6. What network-based indicators could be used to find this malware on
Lets answer these 2 questions all at one go… We can look out for 2 files (c:\\windows\\system32\\kerne132.dll & Lab01-01.dll) in the system, ip address (127.26.152.13; probably the C&C server) and a mutex (SADFHUHF) on the victim machine.
In Lab01-01.exe we can observe the following artifacts in the executable.
It seems like Lab01-01.exe is using hardcoded strings for filenames. There is a CopyFileA function being called in the exe where Lab01-01.dll is copied to c:\windows\system32\kerne132.dll. Take note that it is kerne(1)32.dll and not kernel32.dll. As i did not see any file delete operations in the executable… i suppose that both of the dll should still be residing on the victim’s machine.
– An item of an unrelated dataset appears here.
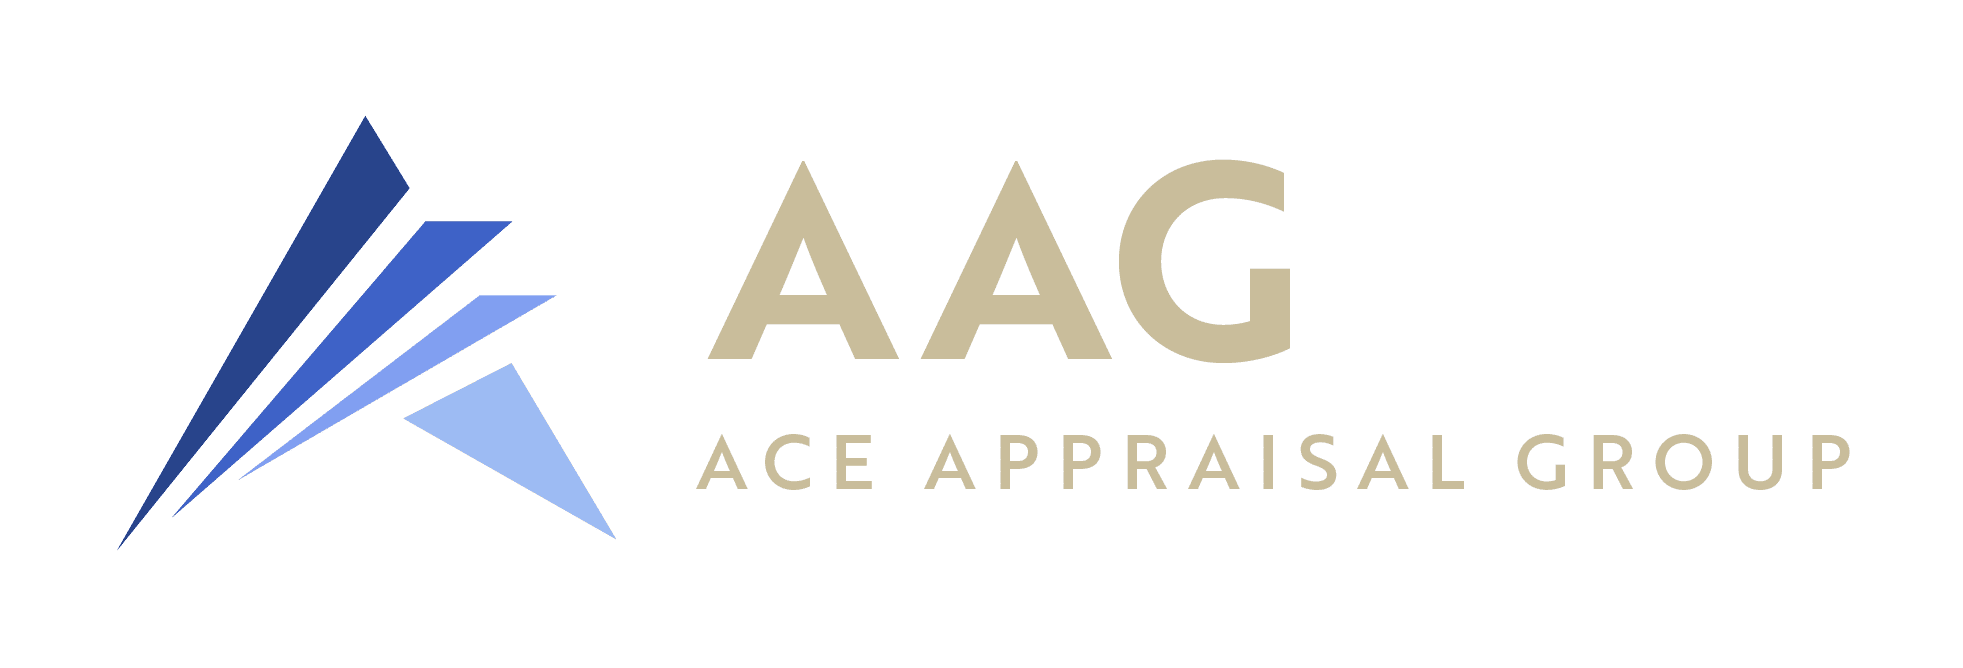 Ace Appraisal Group

In Lab01-01.dll we can observe the following artifacts in the executable.
There is an ip address and a weird string “SADFHUHF” in the executable.
On analyzing, it seems that “SADFHUHF” is a hardcoded unique string for mutex. We can use this unique mutex value to search in the victim’s machine.
On further analysis, we are able to confirm that the ip address we saw earlier in the strings is indeed being used.
7. What would you guess is the purpose of these files?
My guess is that this malware would make a malicious copy of its dll by disguising itself as kerne(1)32.dll. This exe will then try to search for some files and infect it to run this dll. The dll is capable of ensuring that only one instance of the malicious code is running since mutex is being used. It will then communicates on a timely basis (Sleep) to the C&C @ 127.26.152.13 to receive commands to execute on the victim’s machine.